He nodded, sipping from his espresso. “Would you be interested? I thought maybe with your book . . .”

I waved his concern aside. “I’m interested.”

“Good.” He paused while the waitress set my coffee down. The coffee smelled dark and strong, even through the cap of foamy milk. “And your hand?” Pierre asked, screwing his face up as if he regretted the need to ask.

“It’s fine,” I said, instinctively moving my right hand beneath the table, then smiling at my mistake.

With a shrug of my shoulders, I raised my hand for Pierre to see and he beckoned for me to pass it over to him. I reached across the table and allowed him to turn my hand palm up, to feel around the swollen, inflamed knuckles on my middle and fourth fingers. The fourth finger had begun to take on a slight crook in recent months and the truth is the way it looked had been bothering me more than the pain of the gouty crystals beneath my skin. Pierre gently squeezed the distended tissue just above my knuckle and I tried not to wince.

“I have medication. Pills, an injection if it gets bad.”

“Too bad to work?”

“Not yet,” I told him, withdrawing my hand. “I can still type. And I can still turn locks. My index finger is unaffected, that’s the main thing.”

Pierre nodded, backing away from me again. He blinked, the movement fractionally delayed around his left eye. A fine pair we made – a fence with a blemished face and a thief with early-onset arthritis.

“The job is simple,” Pierre said. “But my client . . . cautious.”

“They don’t want mistakes.”


Exactement
. And you must take only one thing.”

“Which is?”

“A painting.”

I felt my eyes widen. It had always seemed to me that paintings were exactly the sort of item a professional thief should be hired to steal. Cash, for instance, could feel a little sordid by comparison, and I refused to get involved with drugs of any description. But good paintings, especially portraiture, appealed to me. And besides, stealing art was often a neat way of working. Either the client wanted the work of art for their own personal enjoyment, in which case it would never draw any public attention, or Pierre would be asked to sell the painting on his client’s behalf, in which event he could call on one of the better-established and more trustworthy networks in the business.

“Which artist?” I asked.

“It is signed Maigny. Early twentieth century.”

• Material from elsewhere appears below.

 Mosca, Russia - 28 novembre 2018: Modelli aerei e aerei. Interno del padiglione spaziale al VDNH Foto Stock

My excitement dropped down a notch. Everyone has ambitions, I suppose, and I hoped one day to take something really special. A Degas perhaps, or even a Cézanne. Well, not this time.

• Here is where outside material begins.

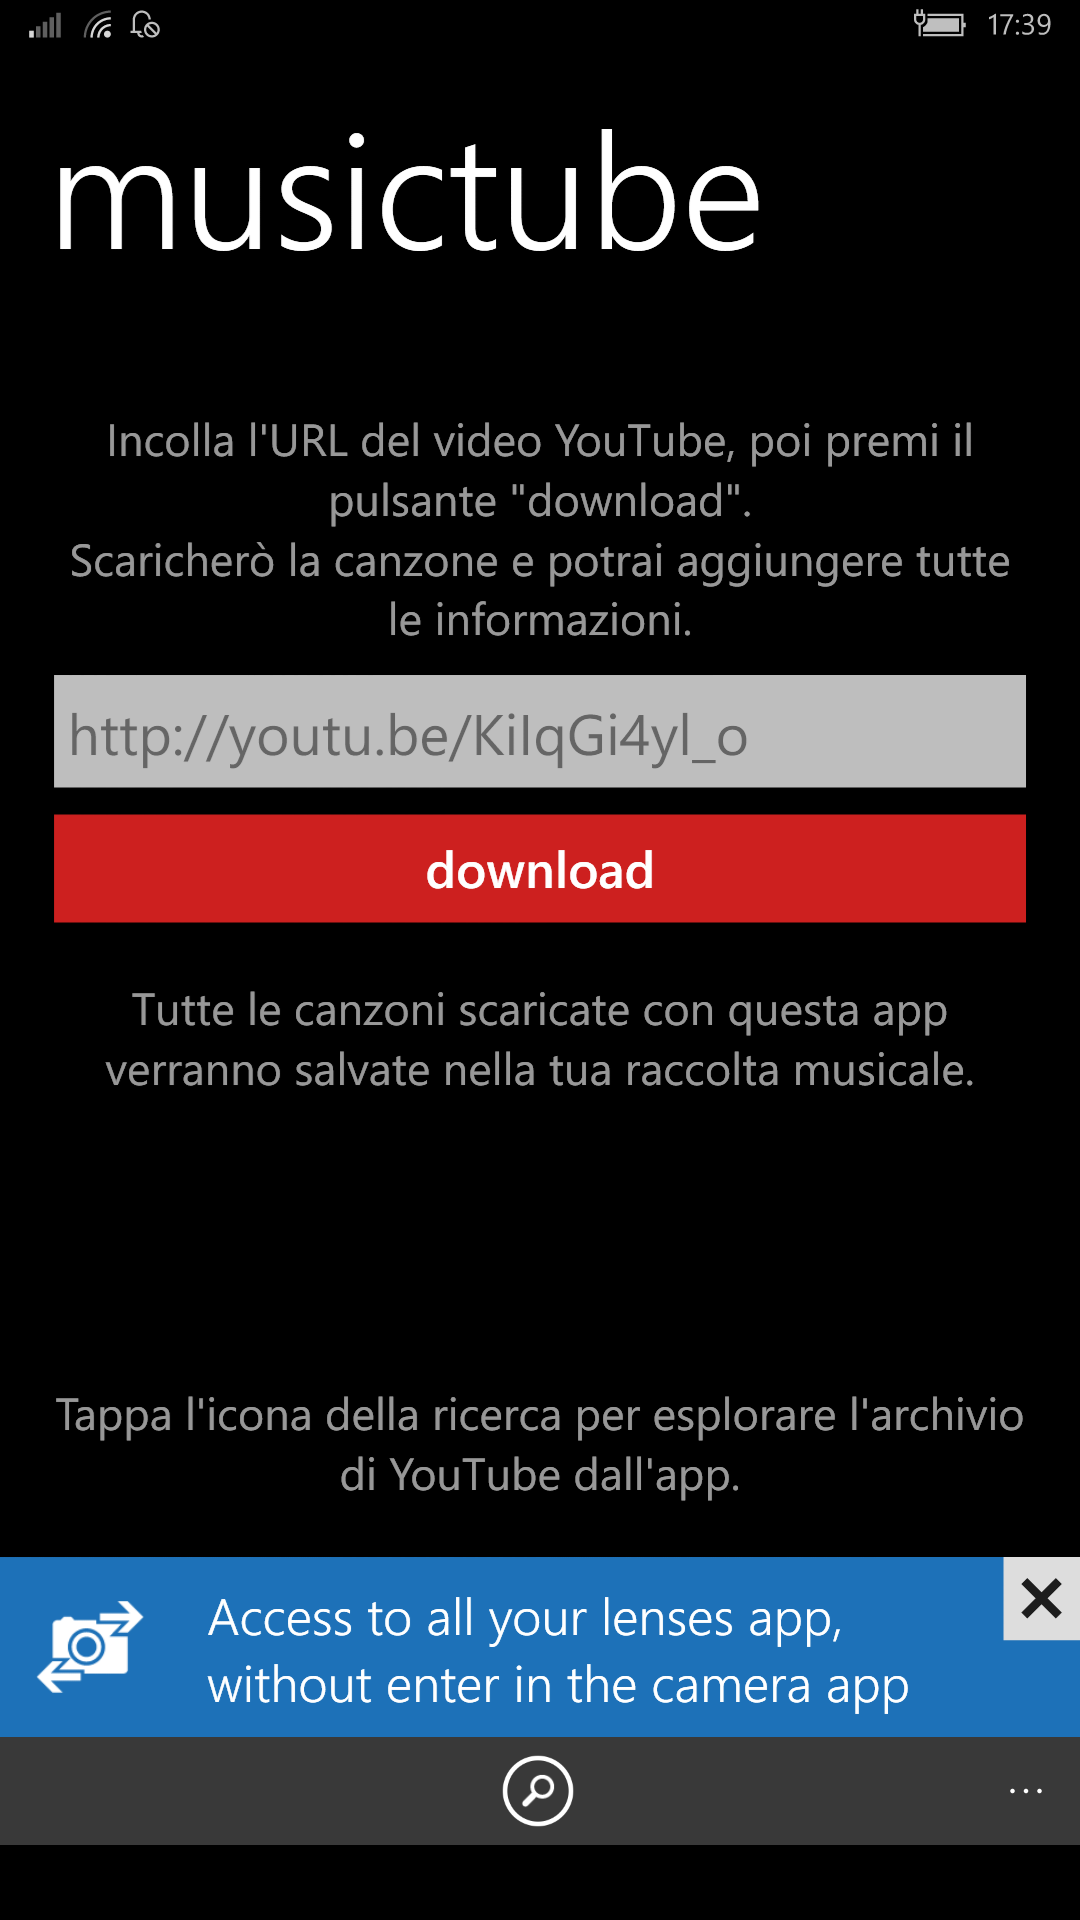 youtube music app for windows 10

I let out a breath. “You have a description?”

Pierre reached into his shirt pocket and removed a Polaroid photograph. He slid the photograph across the table to me and I picked it up and had a good look. I couldn’t see as much as I would have liked. The image of the painting had been obscured by the camera flash when the shot was taken.

“It is oils, naturally,” Pierre said. “A street scene of Montmartre. There is a flower seller and a young woman with a parasol . . .”

“Looks awful.”

“It is worth ten thousand to you.”

I hitched an eyebrow. “Really?”

“Oui.”

I whistled and glanced up over Pierre’s shoulder. Behind him, above the roof of the café and the rows of quivering horse-chestnuts, I could see the uppermost two-thirds of the Eiffel Tower. The burnished ironwork of the tower looked lace-thin against the brooding grey clouds, the yellow elevators slowly ascending and descending like jaded commuters. I caught sight of a blur of people moving around the highest viewing platform, the spark of camera flashes into the gloom. I was confused by what Pierre was telling me and bothered by the money involved.

“What’s your fee?”

Pierre reacted as if I’d insulted him, squaring his shoulders and puffing his chest. “The same as yours, naturally.”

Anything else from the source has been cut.